2018-05-19 23:00:18 +02:00

(Migrated from github.com)

Signed-off-by: Anthony Fieroni bvbfan@abv.bg

Signed-off-by: Anthony Fieroni <bvbfan@abv.bg>

bvbfan commented

2018-05-21 07:40:17 +02:00

(Migrated from github.com)

@kaykurokawa, OSX build fails, but it's not looks like pull request related.

kaykurokawa commented

2018-05-21 21:27:15 +02:00

(Migrated from github.com)

Yes OSX build on travis is currently failing for all : https://github.com/lbryio/lbrycrd/issues/120

kaykurokawa (Migrated from github.com) reviewed 2018-05-23 18:15:35 +02:00

src/claimtrie.cpp

					
				@ -1,18 +1,25 @@

				#include "claimtrie.h"

kaykurokawa (Migrated from github.com) commented

2018-05-23 18:15:35 +02:00

I think these can go in claimtriedb.h

kaykurokawa (Migrated from github.com) reviewed 2018-05-23 18:25:05 +02:00

src/claimtrie.cpp

					
				@ -771,2 +936,2 @@

				        if (hasChild && nNextHeight < Params().GetConsensus().nMaxTakeoverWorkaroundHeight) {

				            removalWorkaround.insert(name);

				    success = currentNode->removeClaim(outPoint, claim);

				    base->removeFromClaimIndex(claim);

kaykurokawa (Migrated from github.com) commented

2018-05-23 18:25:05 +02:00

Ideally this block of code would reside in CClaimTrieDb , the motivation would be that it would be much clearer exactly what is being written/read in the database if we have it in a well defined place. As you said, a more aggressive refactor could have CClaimTrieDb manage the dirty* variables and would make this possible.

kaykurokawa commented

2018-05-23 18:34:04 +02:00

(Migrated from github.com)

Hi, as you mentioned in https://github.com/lbryio/lbrycrd/issues/136 , a bit more aggressive refactor would be acceptable.
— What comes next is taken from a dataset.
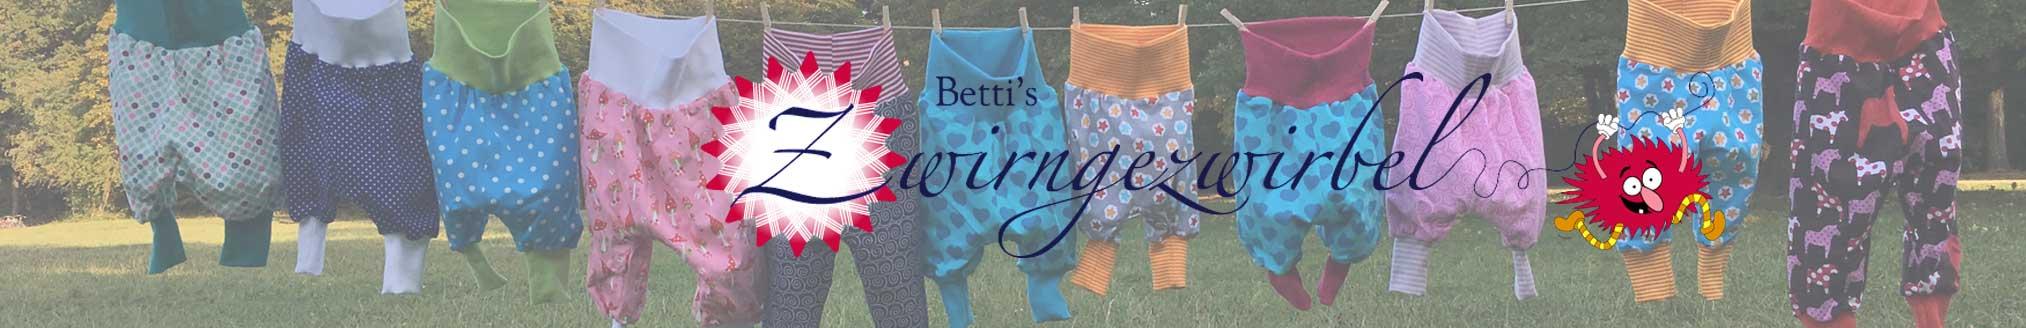 Betti's Zwirngezwirbel

To be specific , the various dirty* memeber variables that is currently managed by CClaimTrie could be managed by CClaimTrieDb. This would make it much clearer exactly what kind of things are being written/read to disk and how, and should also improve some DRY problems involved in the manipulation of dirty* member variables.

Please note though I think there is a slight misunderstanding you may have about CClaimTrieCache , this class is NOT a cache of the CClaimTrie. CClaimTrieCache actually contains a cache of changes that must be applied to CClaimTrie upon block increment (removing claims, adding claims, etc..). Thus CClaimTrieCache should be minimally affected by this refactor.
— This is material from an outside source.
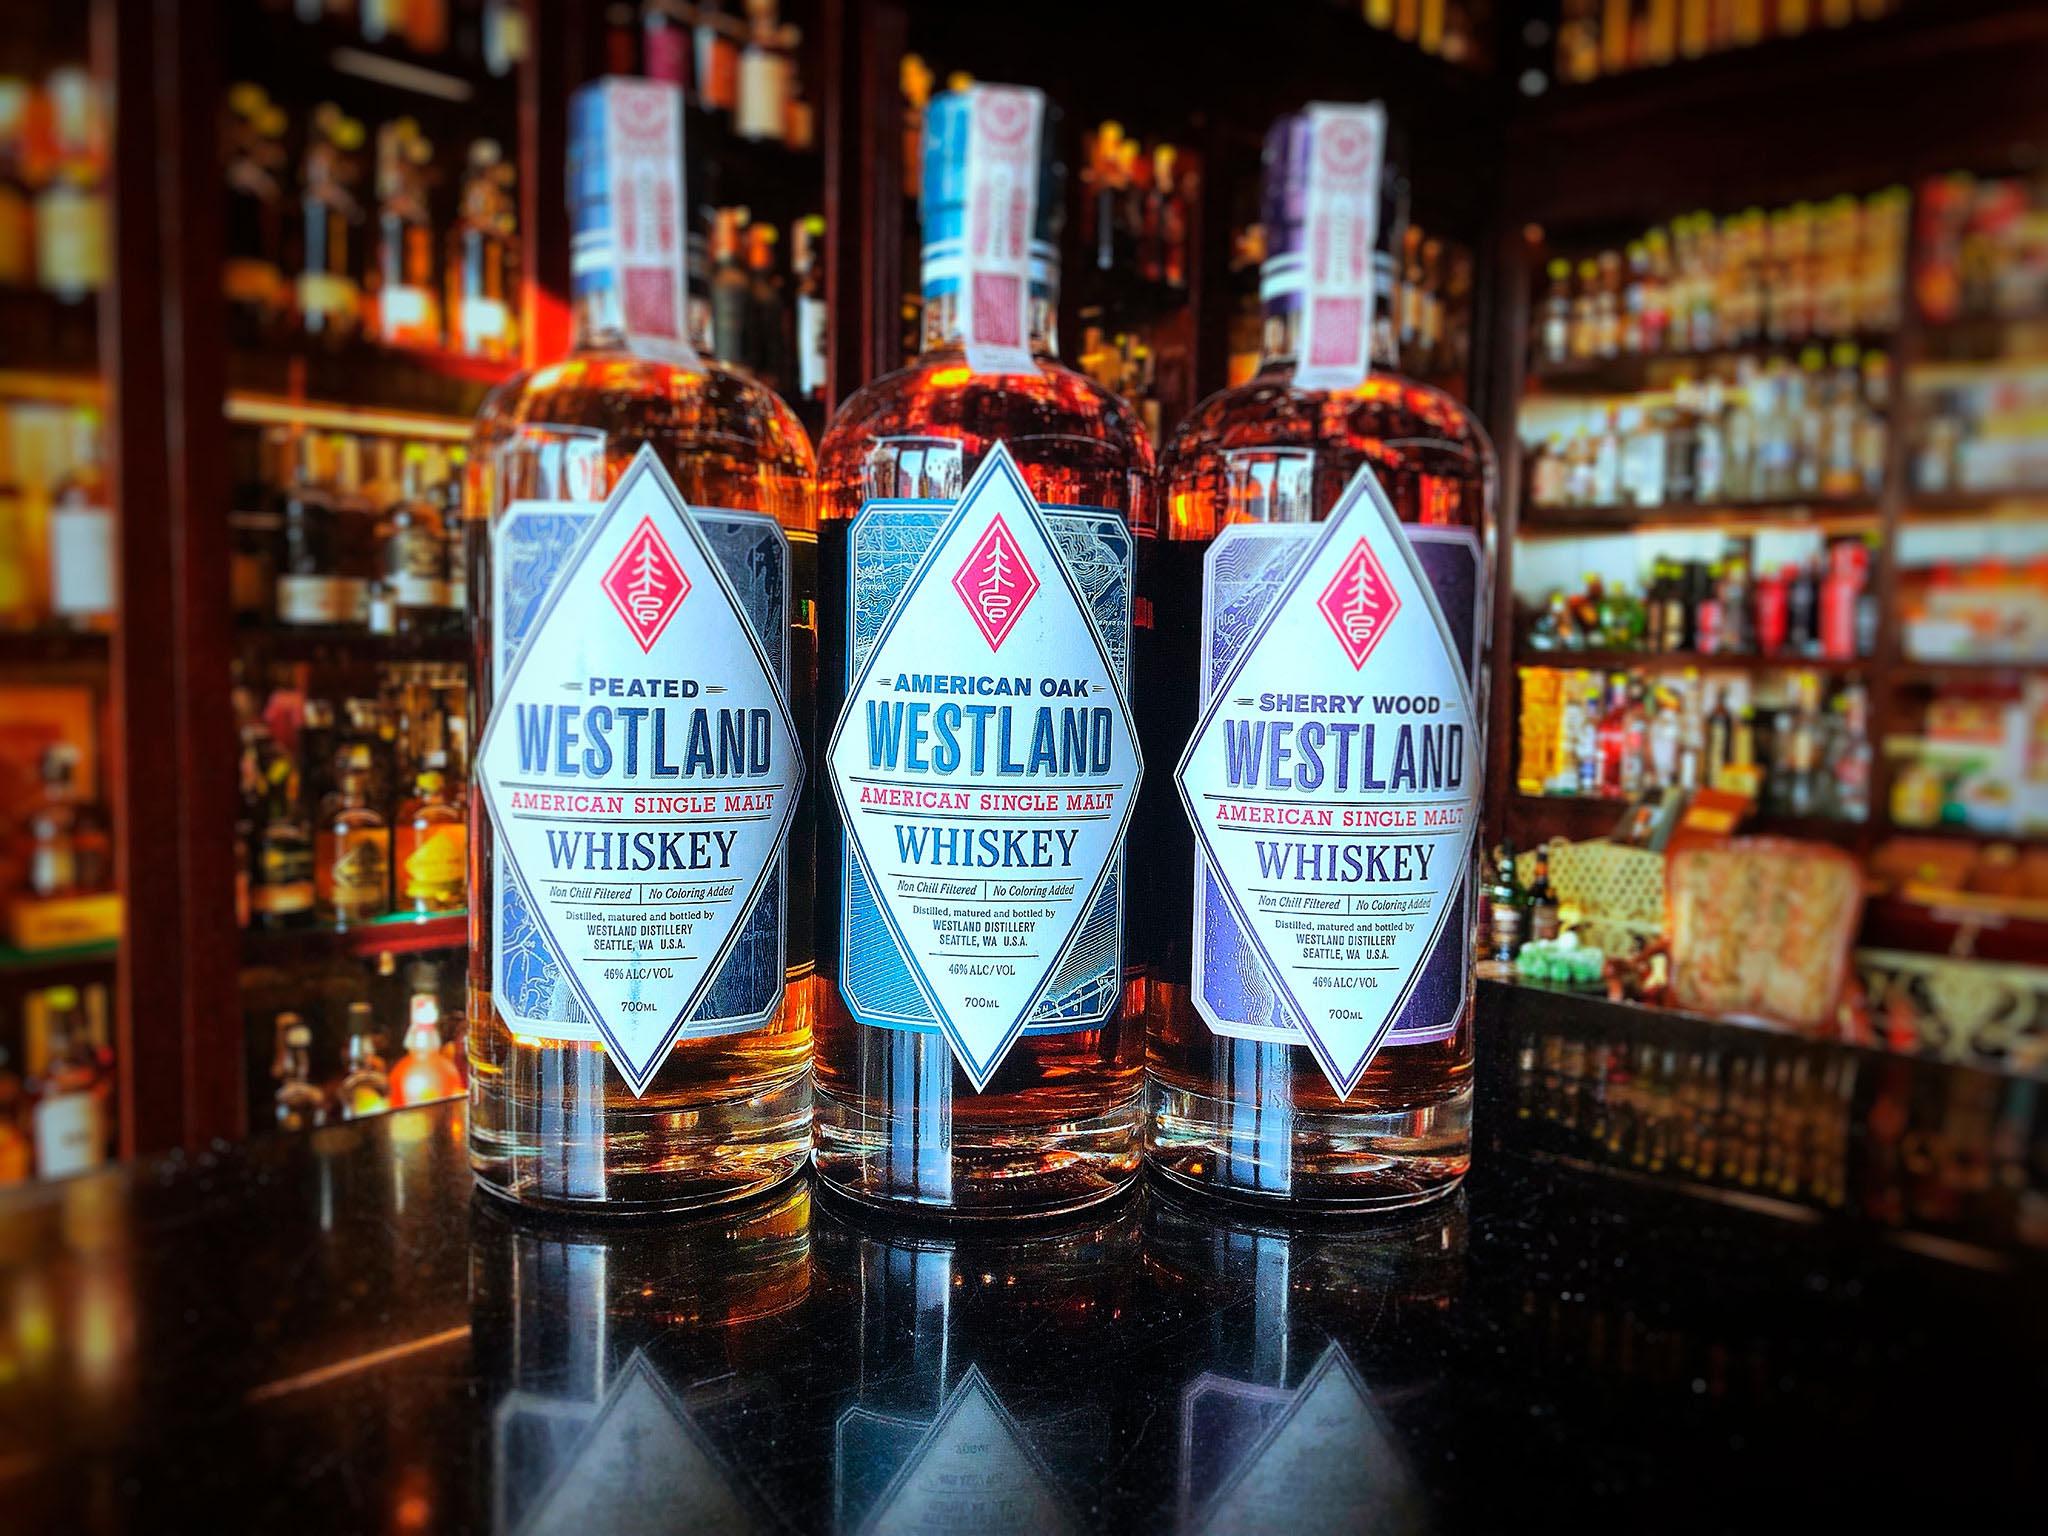 Westland single malt whisky!

Hi, as you mentioned in https://github.com/lbryio/lbrycrd/issues/136 , a bit more aggressive refactor would be acceptable. To be specific , the various dirty* memeber variables that is currently managed by CClaimTrie could be managed by CClaimTrieDb. This would make it much clearer exactly what kind of things are being written/read to disk and how, and should also improve some DRY problems involved in the manipulation of dirty* member variables. Please note though I think there is a slight misunderstanding you may have about CClaimTrieCache , this class is NOT a cache of the CClaimTrie. CClaimTrieCache actually contains a cache of changes that must be applied to CClaimTrie upon block increment (removing claims, adding claims, etc..). Thus CClaimTrieCache should be minimally affected by this refactor.

bvbfan commented

2018-05-23 18:58:01 +02:00

(Migrated from github.com)

You're right about of CClaimTrieCache, i wrote the comment before i see the implementation, name lies to me, did you think it's proper name?
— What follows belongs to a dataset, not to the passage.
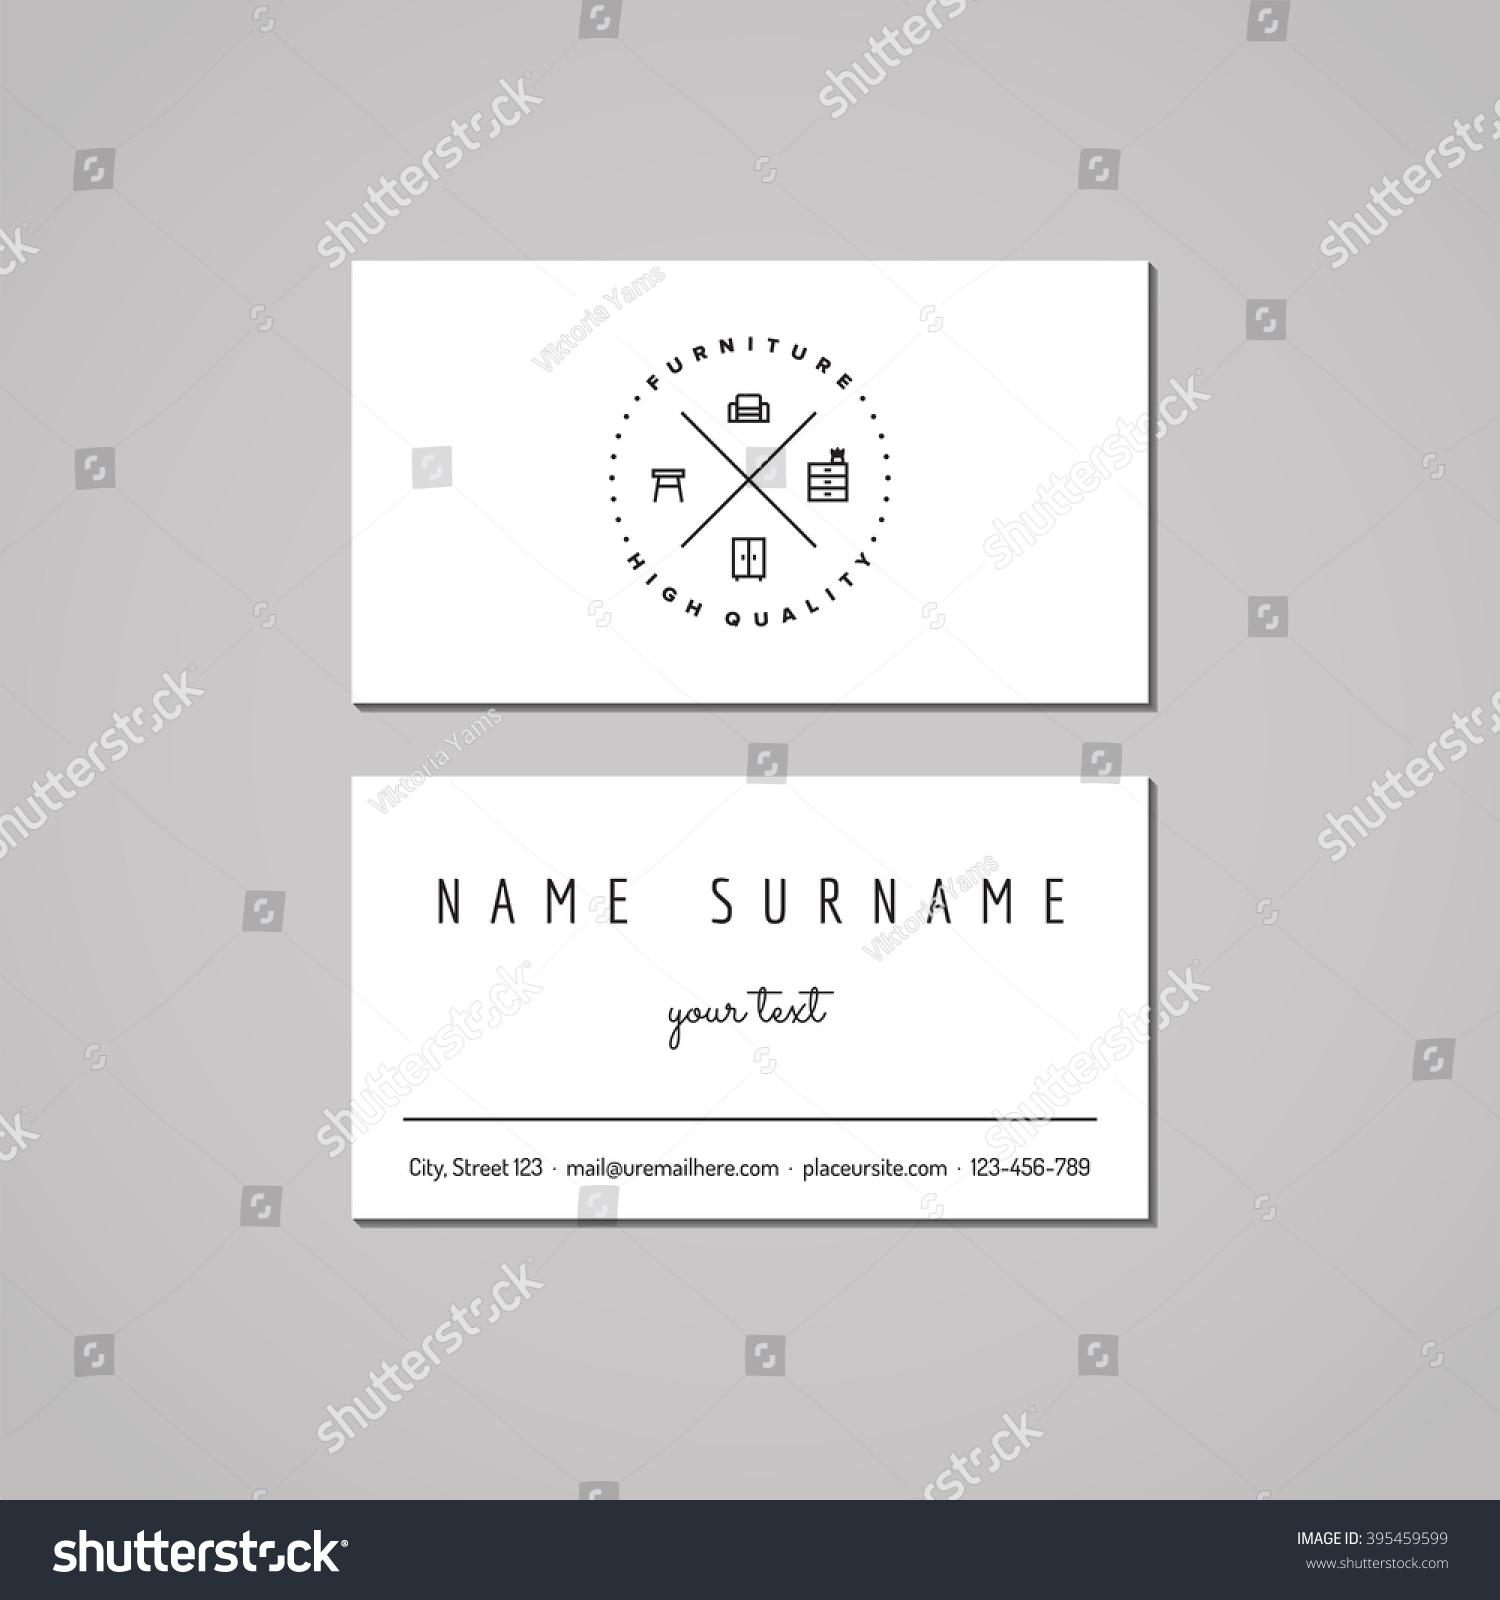 Furniture Business Card Design Concept Furniture Stock Vector ...

bvbfan (Migrated from github.com) reviewed 2018-05-23 19:01:01 +02:00

src/claimtrie.cpp

					
				@ -771,2 +936,2 @@

				        if (hasChild && nNextHeight < Params().GetConsensus().nMaxTakeoverWorkaroundHeight) {

				            removalWorkaround.insert(name);

				    success = currentNode->removeClaim(outPoint, claim);

				    base->removeFromClaimIndex(claim);

bvbfan (Migrated from github.com) commented

2018-05-23 19:01:00 +02:00

I'll investigate to move dirty queues as well as read/write in CClaimTrieDb

bvbfan (Migrated from github.com) reviewed 2018-05-28 10:16:40 +02:00

src/claimtrie.cpp

					
				@ -1,18 +1,25 @@

				#include "claimtrie.h"

bvbfan (Migrated from github.com) commented

2018-05-28 10:16:40 +02:00

I've give a try to implement it on elegant way. Generic in claimtriedb as

template<typename K, typename V>
bool getQueue(const K &key, V &value) const
{
    auto hash = typeid(std::map<K, V>).hash_code();
    auto it = map_hashes.find(hash);
    if (it == map_hashes.end()) return false;
    auto map = reinterpret_cast<std::map<K, V>*>(it->second);
    auto i = map->find(key);
    if (i != map->end()) { value = i->second; return true; }
    return false;
}

I mean it can be used a hash to store generic queues (hash will be a key in db not char) so all definitions will gone away, but we should provide db migration, right?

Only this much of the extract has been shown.